PROMOSI bertajuk Invest in Remarkable Indonesia, kini sudah tidak ada lagi di situs Badan Koordinasi Penanaman Modal (BKPM). Sejak Chatib Basri menduduki Kepala BKPM Juni lalu, promosi yang menggambarkan upah buruh di Indonesia sangat murah itu, tiba-tiba saja raib.
Entahlah, siapa yang menghapus promosi upah buruh murah itu. Kabar yang beredar di kalangan terbatas di BKPM menyebutkan, itu atas permintaan Chatib. “Pak Chatib tak suka dengan bunyi promosi tersebut,” kata sumber di BKPM.
Sejak beberapa lama, promosi itu memang menjadi jualan BKPM untuk menarik investor menanamkan modalnya di Indonesia. Bayangkan, di sana disebutkan upah buruh Indonesia hanya US$ 0,6 per jam.
Coba bandingkan dengan upah buruh di negara-negara Asia. Di India, misalnya, upah buruhnya sudah mencapai US$ 1,03 per jam, Filipina US$ 1,04, Thailand US$ 1,63, China US$ 2,11, atau Malaysia US$ 2,88 per jam.
Toh, sejak jualan upah buruh murah tersebut dihapus, nyatanya investasi terus saja mengalir ke Indonesia. BKPM mencatat, hingga September 2012, nilai investasi dalam negeri dan asing yang masuk mencapai US$ 25,54 miliar. Ini merupakan peningkatan 27% dibandingkan periode sebelumnya, atau 81,1% dari target 2012 sebesar US$ 31,5 miliar. "Saya optimistis hingga kuartal I-2013, investasi yang masuk ke Indonesia masih kuat," ujar Chatib.
Memang, upah murah kini bukan zamannya lagi.
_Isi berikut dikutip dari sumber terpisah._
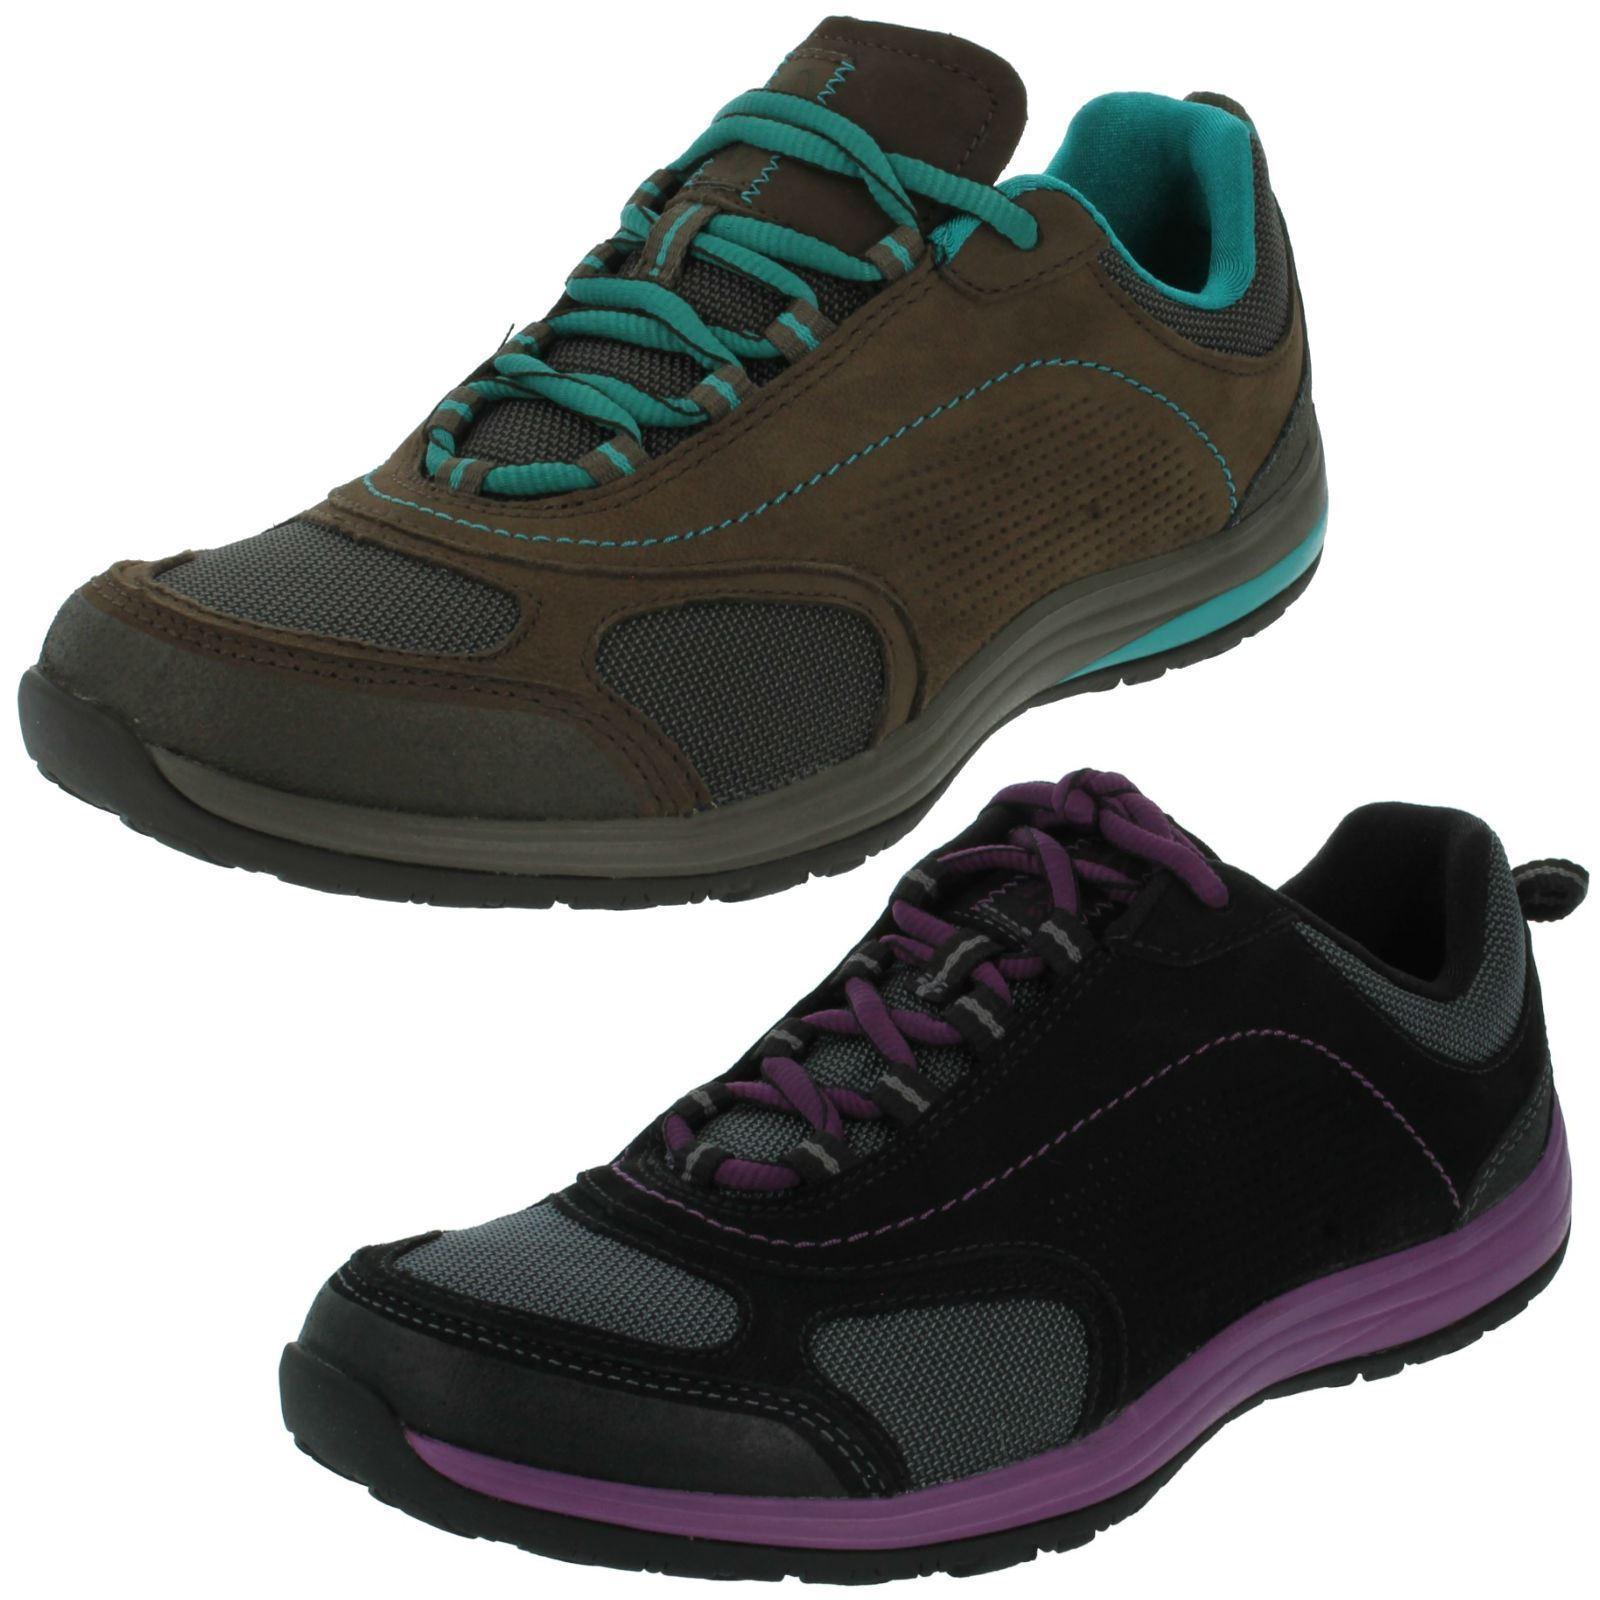 Damas Clarks Nubuck con Cordones Deportivo Zapatillas Zapatillas Zapatillas Zapatos para caminar flexible ruta de inserción  increíbles descuentos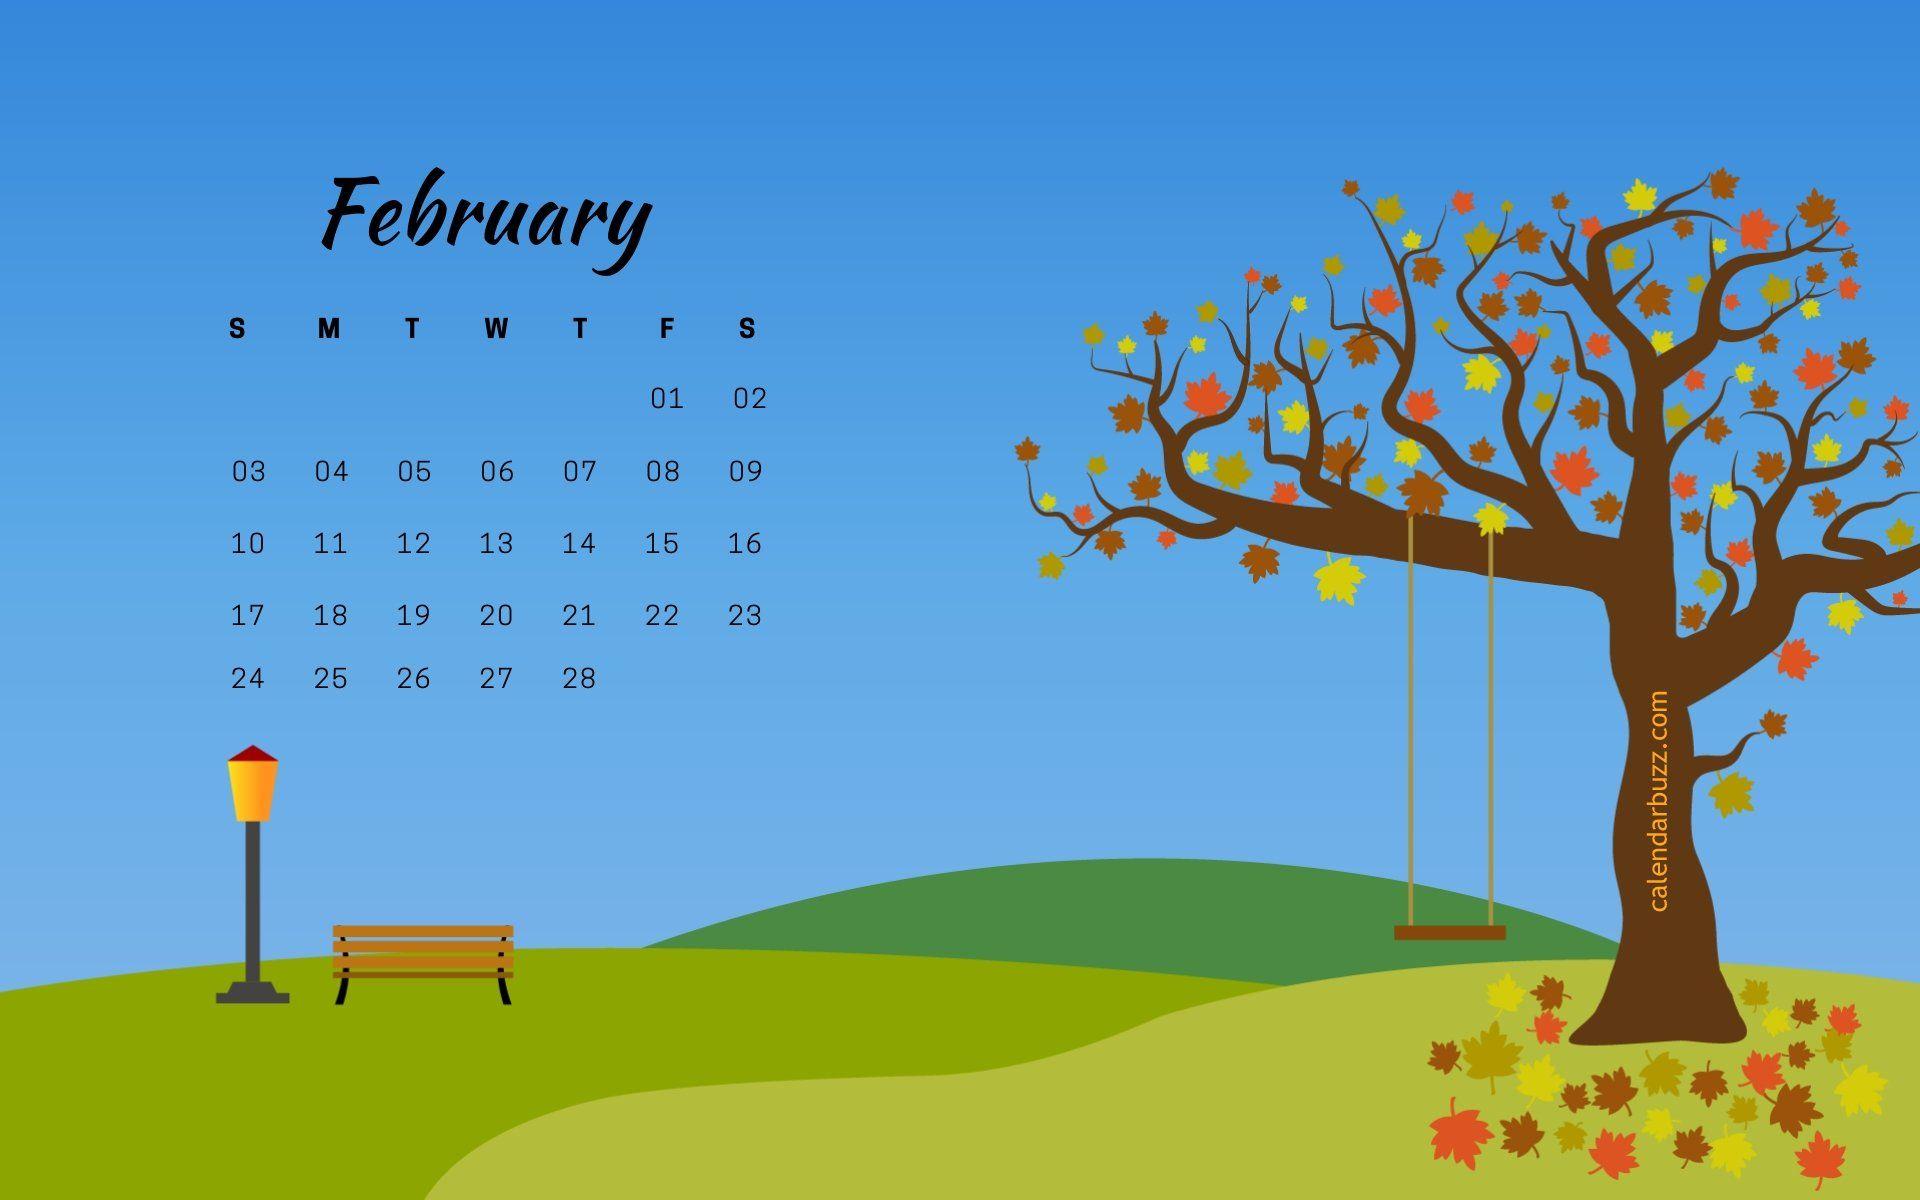 2019 February Calendar Buzz Wallpaper Calendars February 2019 Desktop Background Calendar #february #2019february

Soalnya, dalam kompetisi global, investor kini menuntut ketepatan waktu dan mutu kerja yang tinggi serta pelayanan birokrasi yang efisien. Bukan upah buruh yang murah.
Selama ini, kata ekonom LIPI Latif Adam, kecenderungan pengusaha mengeksploitasi tenaga kerja terus meningkat. “Share biaya tenaga kerja yang pada 2010 sebesar 20% dari komponen biaya produksi, pada tahun lalu menurun menjadi 18%,” katanya beberapa waktu lalu.
Bahkan, ahli DemografiUniversitas Indonesia Padang Wicaksono mengatakan, upah buruh kerap ditekan karena pemerintah tidak bisa mengatasi masalah infrastruktur, uang keamanan dan biaya birokrasi. "Setiap tahun, pengusaha dan pekerja saling ngotot menentukan UMP (Upah Minimum Provinsi) yang didasarkan dari KHL (Kebutuhan Hidup Layak), padahal penyebab perusahaan tidak bisa memberikan upah yang layak lebih banyak karena biaya produksi tersedot untuk birokrasi, infrastruktur dan uang keamanan," katanya.
Yang jelas, hingga kini belum ada satu pun perusahaan multinasional yang terpengaruh dengan kenaikan upah. “Mereka lebih mencemaskan aksi para buruh yang men-sweeping pabrik-pabrik dan memaksa pekerja untuk mogok kerja,” ujar Chatib.
Seperti halnya Chatib, ekonom Standard Chartered Bank, Eric Sugandi, mengatakan, pengusaha tidak akan hengkang dari Indonesia meski UMP buruh sudah dinaikkan. Dia melihat nilai tukar rupiah yang masih rendah, pengusaha yang sudah mengusai jalur distribusi produk barang, dan pertimbangan risiko pengusaha atas pangsa pasarnya, itulah yang membuat pengusaha masih tetap bertahan di Indonesia.
"Apalagi bila harus didukung oleh sektor konsumsi domestik Indonesia yang masih tinggi ke depan, pengusaha tentu tidak ragu bila harus tetap bertahan di sini meski harus mengeluarkan investasi untuk kenaikan upah," ujar Eric.
Jadi, kenaikan UMP 2013 tak masalah.